Время выхода на заветное токовище Кузька выбирал недолго: дождался хорошей, безветренной погоды, полнолуния. Собрал с собой самое необходимое: спички, маленький топорик, чтобы разжечь костер, три вареных картошины, чтобы позавтракать, и волосяную петельку для ловли глухарей. Дождавшись, когда все уснут, потихоньку вышел на улицу, подхватил деревянные нарты и пошел по подмерзшей дороге в сторону Перевала: так в простонародье называлась водораздельная гора. Легкий морозец и яркий свет луны благословляли путь: шагать легко, все видно до кустика. Единственное неудобство — нарты, которые гремели полозьями по шершавому насту. Но без них никак. Так или иначе, Кузя за одно утро решил поймать штук пять или семь глухарей. Такой груз на себе не унести, и нарты будут как раз кстати.
В голове уже витала радость удачи. Как он вернется домой с добычей и все будут удивлены: «Вот так Кузя наш! Ну, молодец! Настоящий помощник вырос, совсем большой!» Глухари — большая помощь к столу. Весной после картошки мясо не помешает. Любой старатель с нетерпением ждет, когда начнутся глухариные тока и полезет из оттаявшей земли сибирский хлеб — черемша. Запасы продуктов на заработанные за старательский сезон деньги почему-то всегда кончаются быстро. Людям приходится брать залежалый товар на хозяйских складах в долг. Но прогорклая мука, пережженное масло и пропахшие мышами крупы не лучший продукт, которым располагает купец. Поэтому с каким удовольствием люди вкушают питательный, мясной бульон или едят первые листья молодой колбы (черемши)!
Окрыленный радужными мыслями, Кузя не заметил, как пришел под Перевал. Здесь ему следовало сворачивать с дороги направо, подниматься в седловину. Летом с друзьями он был тут не раз: шишкарили и приходили за ягодой. Но тогда было другое время года, все выглядело иначе. Да и время суток оставляло желать лучшего. Все же решившись, зашел в густой, высокоствольный лес.
Идти стало намного труднее. Деревья и кусты задерживали нарты. Иногда казалось, что справа и слева раздаются непонятные звуки, он останавливался, вслушиваясь в притихшую тайгу. Но это был недалекий, вскрывшийся из-под зимнего покрывала ручей, или какая-то ночная птаха будоражила уснувший мир долгим, протяжным голосом. Успокоившись, Кузя шел дальше. Иногда путь преграждал неглубокий ключ.

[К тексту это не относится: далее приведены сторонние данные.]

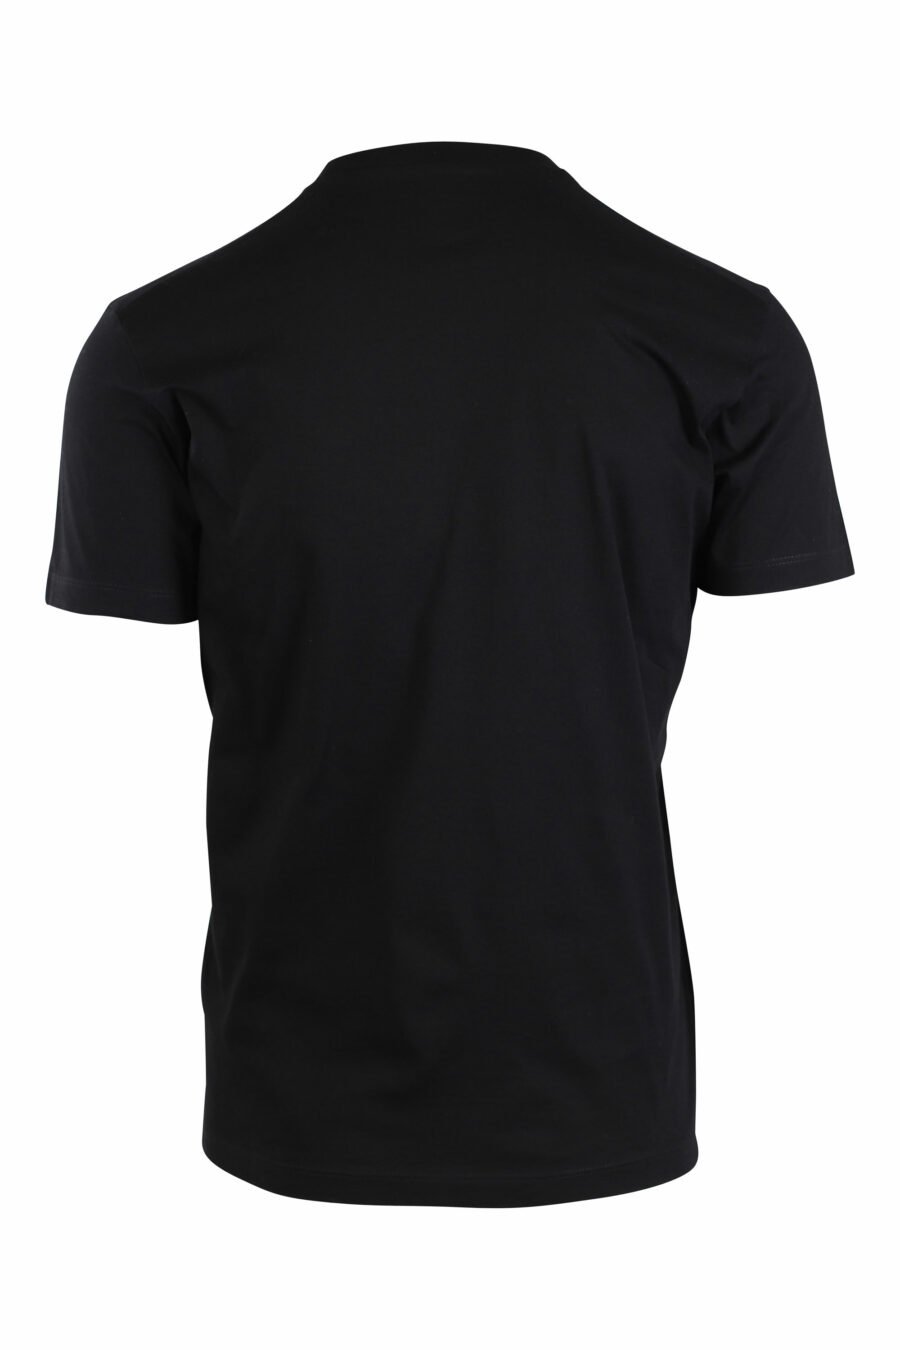 T-shirt black with happy green leaf logo - IMG 2674

Ему приходилось обходить его стороной или искать поваленные деревья, через которые можно было перебраться на другую сторону.
Вскоре начался невысокий, но затяжной подъем. Идти стало еще сложнее. Тяжелые нарты мешали передвижению еще больше. Кузя решил оставить их здесь, чтобы потом приносить добычу сюда. Нашел на поляне большой, приметный кедр, поднял и прислонил нарты к стволу, вырубил большую затесь, которую было видно издалека. Присмотревшись по сторонам, запомнил место. Убедившись, что мимо не пройдет, остался доволен. Дальше пустой, без нарт, пошел быстрее.

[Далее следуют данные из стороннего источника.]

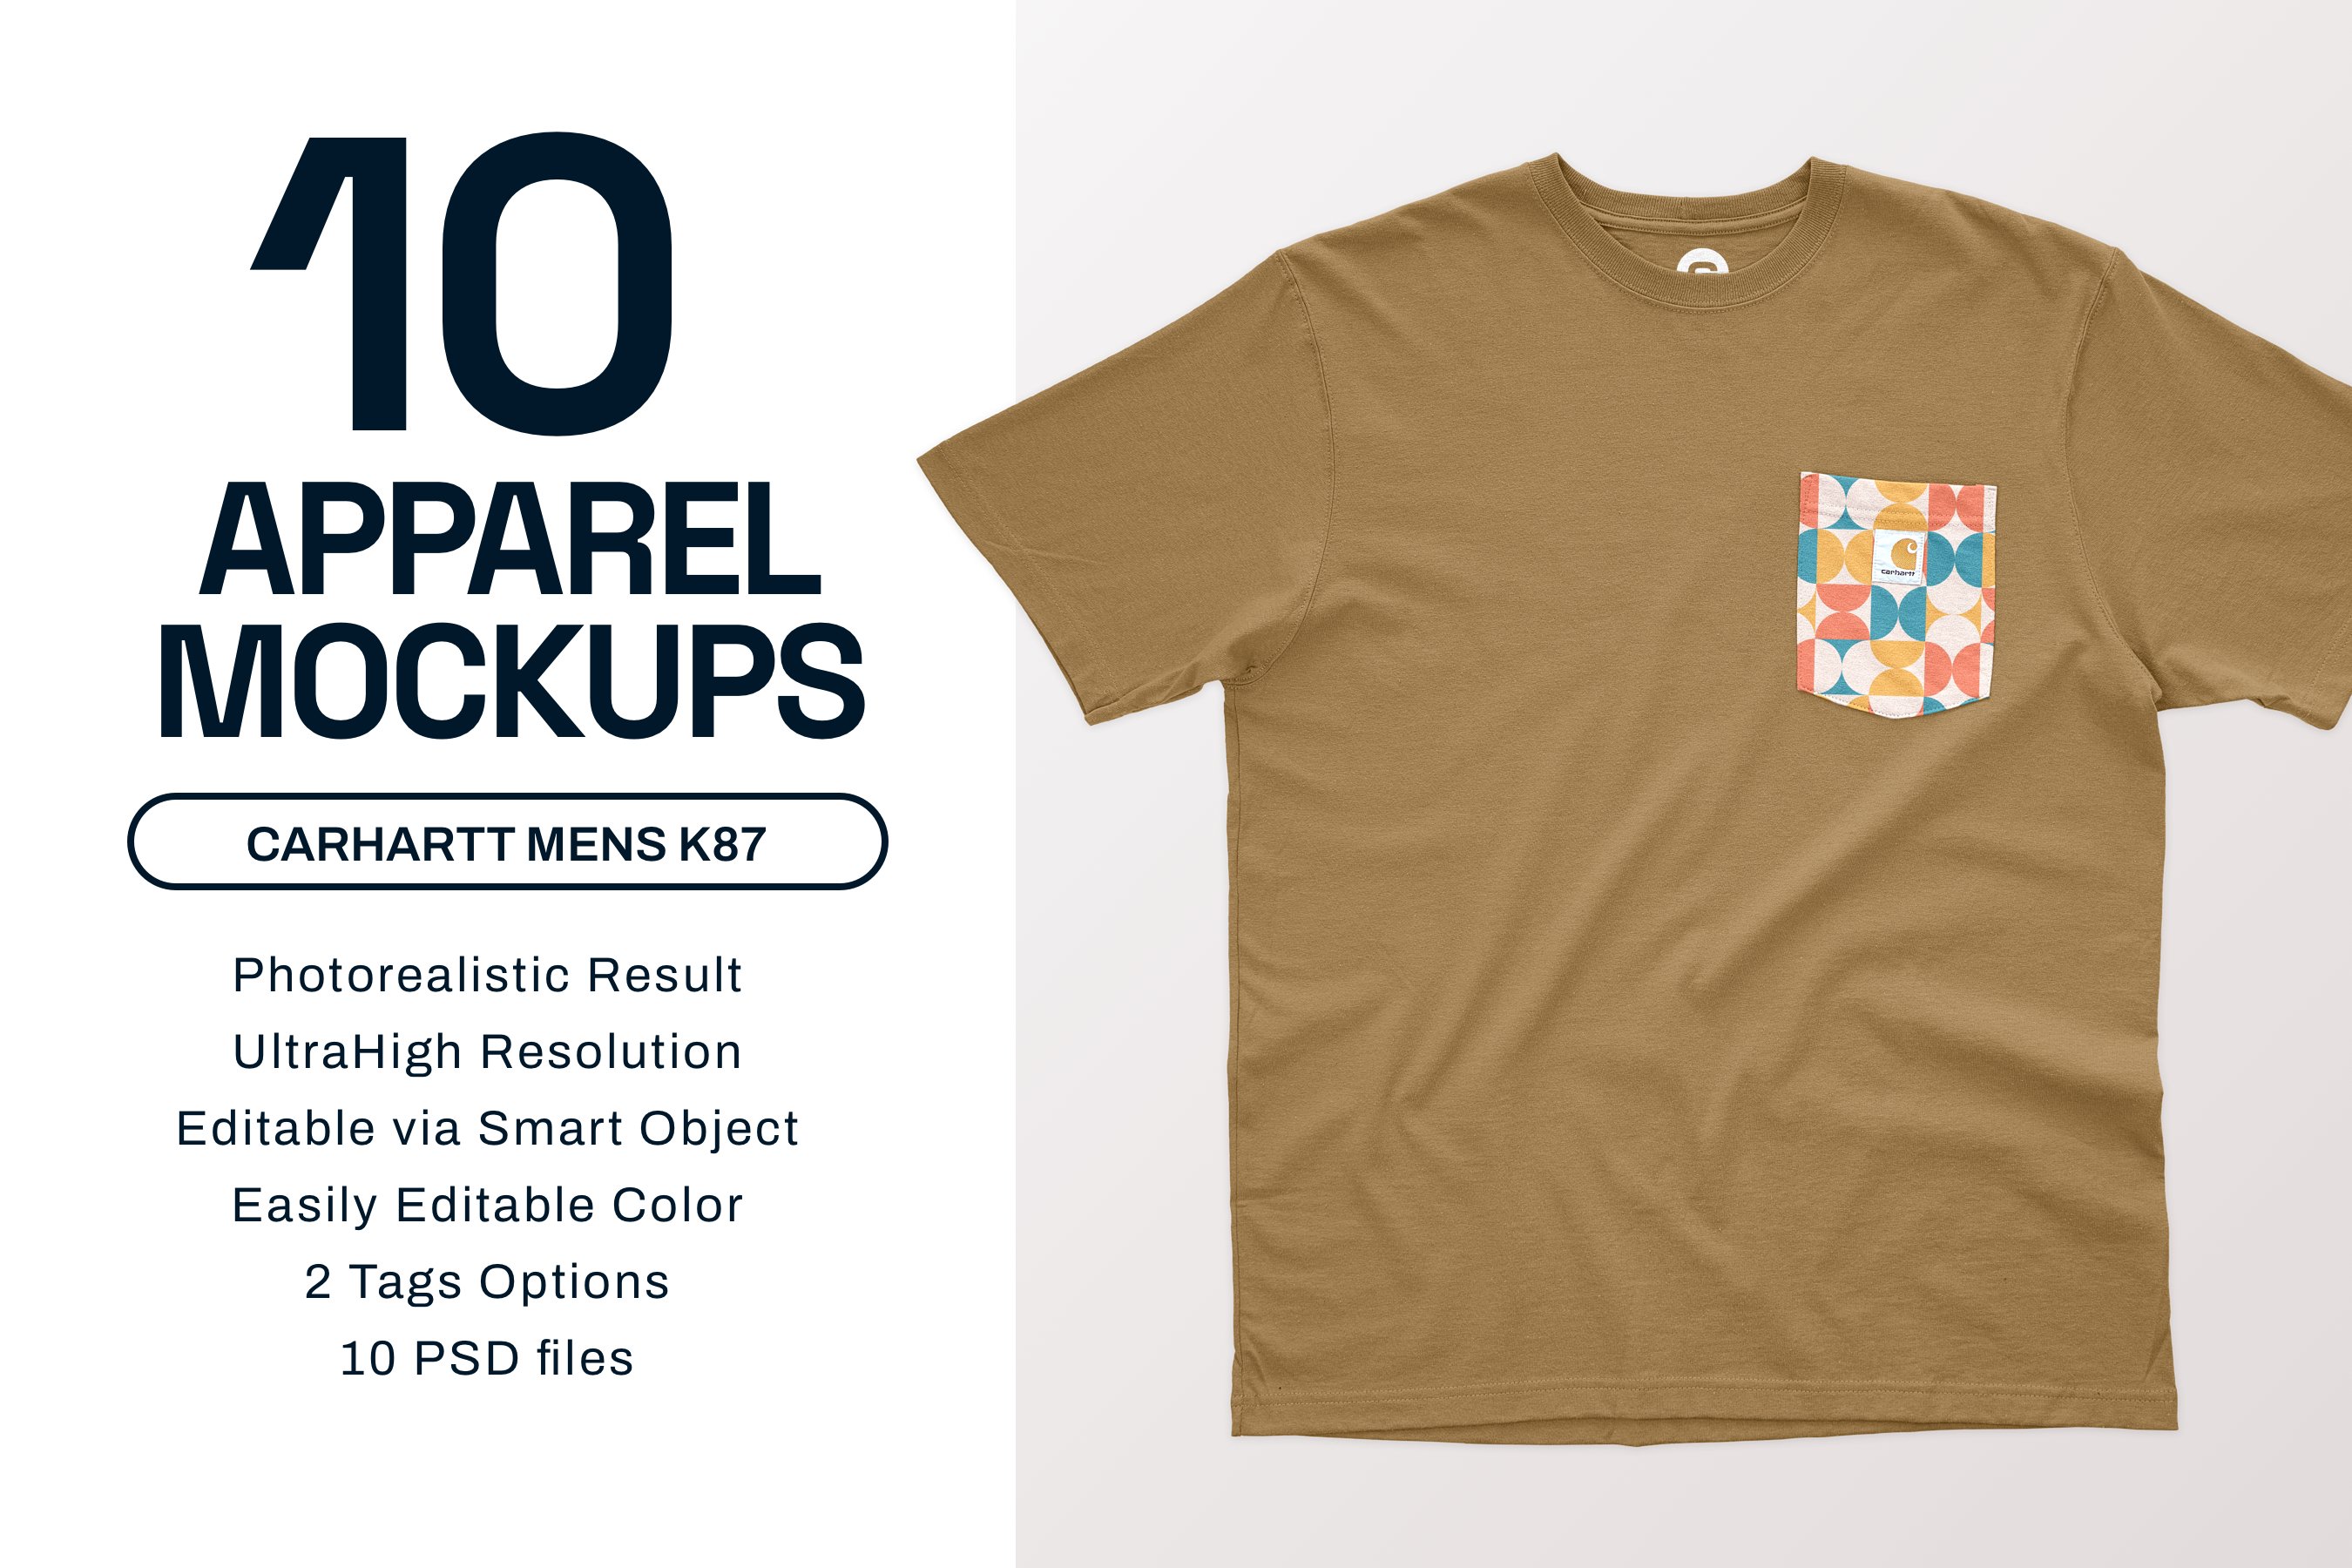 T Shirt-Pocket t-shirt | 3D model

Выход на седловину между гор занял немного времени. Кузька был полон сил и желания, шагал не останавливаясь. Плотный наст отлично держал на поверхности, за непродолжительное время Кузя преодолел около трех километров. Это было видно по недалекому, в белых плешинах, гольцу справа. Он понимал, что снежные частины — это каменистые россыпи горы Клади, которую видно далеко со стороны. Значит, он был на верном пути.
За седловиной начался крутой спуск. По рассказам отца, здесь проходила Спиртоносная тропа, по которой купцы из Китая привозили на лошадях в долину Чибижека товар и спирт, а затем меняли у старателей на золото. Она сообщалась с рекой Шинда, бегущей где-то далеко внизу. Сейчас тропа занесена снегом, и каких-то следов человека не было видно. Вспоминая слова деда Ефрема, свернул направо, пошел вдоль горы. Где-то там должна быть заветная грива, на которой токовали глухари.

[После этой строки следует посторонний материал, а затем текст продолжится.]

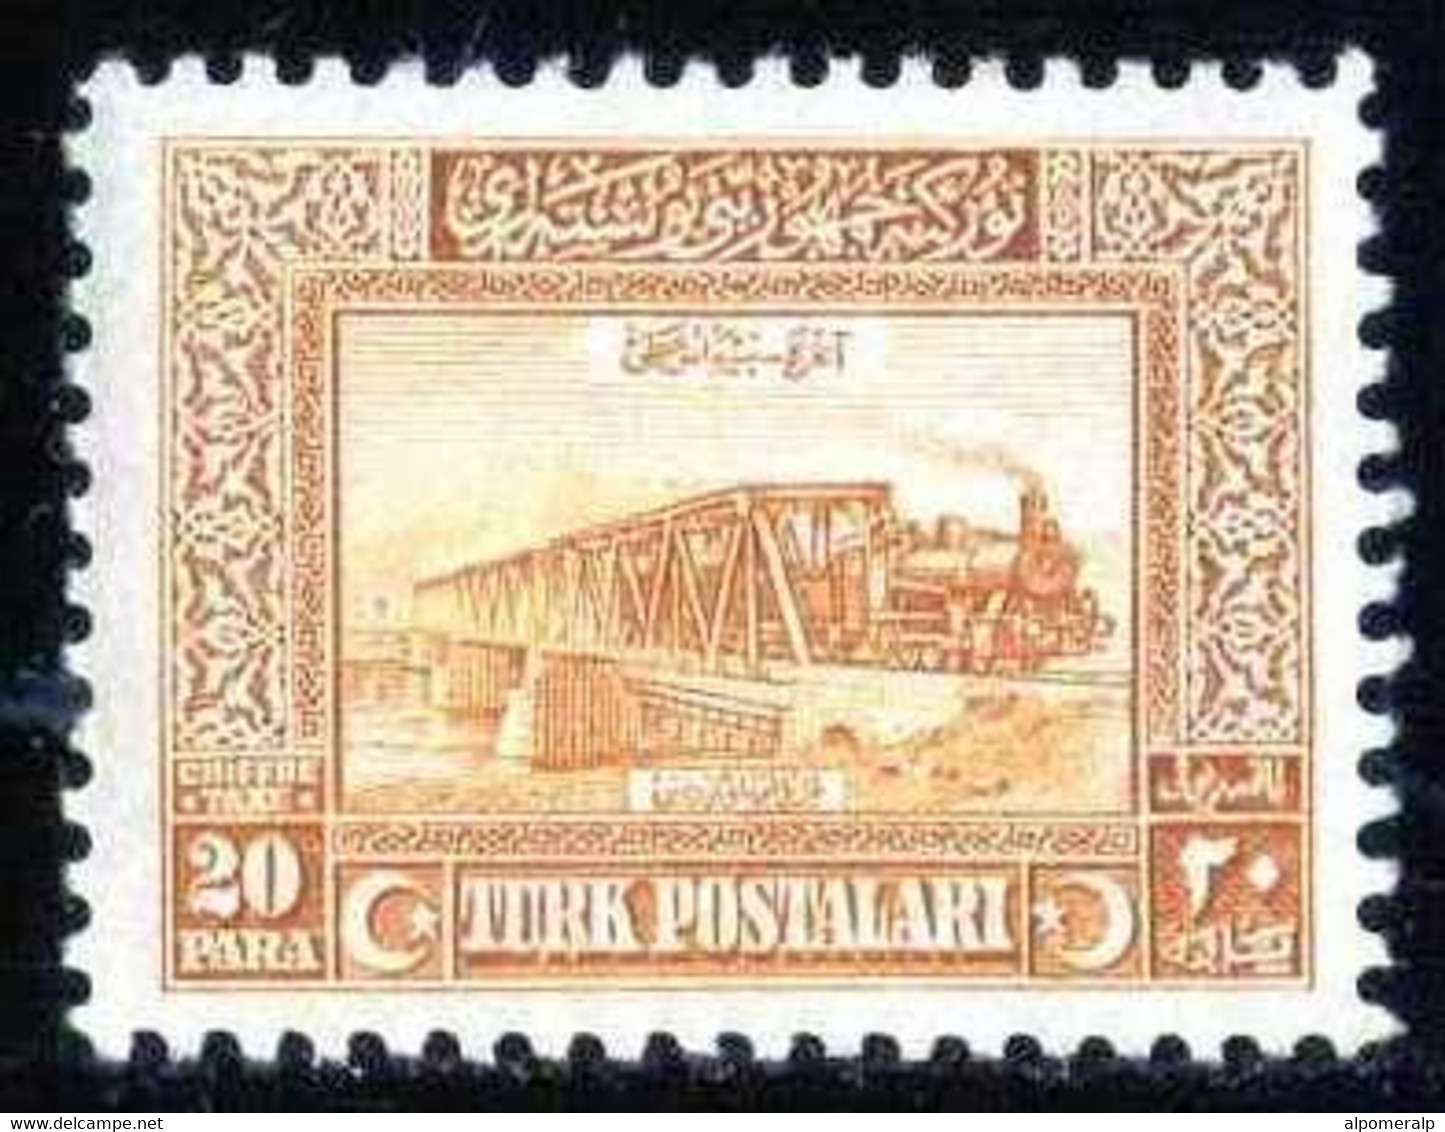 Türkiye 1926 P52 MNH Postage Due, Railroad Bridge Over Kizil Irmak | Locomotive, Railway, Steam Traction - Postage Due

Взрослые парни учили, чтобы не пугать чутких птиц, к току надо подходить тихо, не шуметь и тем более не разводить костры. Вспоминая эти слова, Кузя заранее нашел подходящую талину, ровную и тонкую. Срубил ее, убрал сучки, сделал «удочку» длиною около четырех метров с рогаткой на конце, привязал петельку, как учили ребята. Подобным примитивным орудием лова собирался снимать с деревьев токующих птиц.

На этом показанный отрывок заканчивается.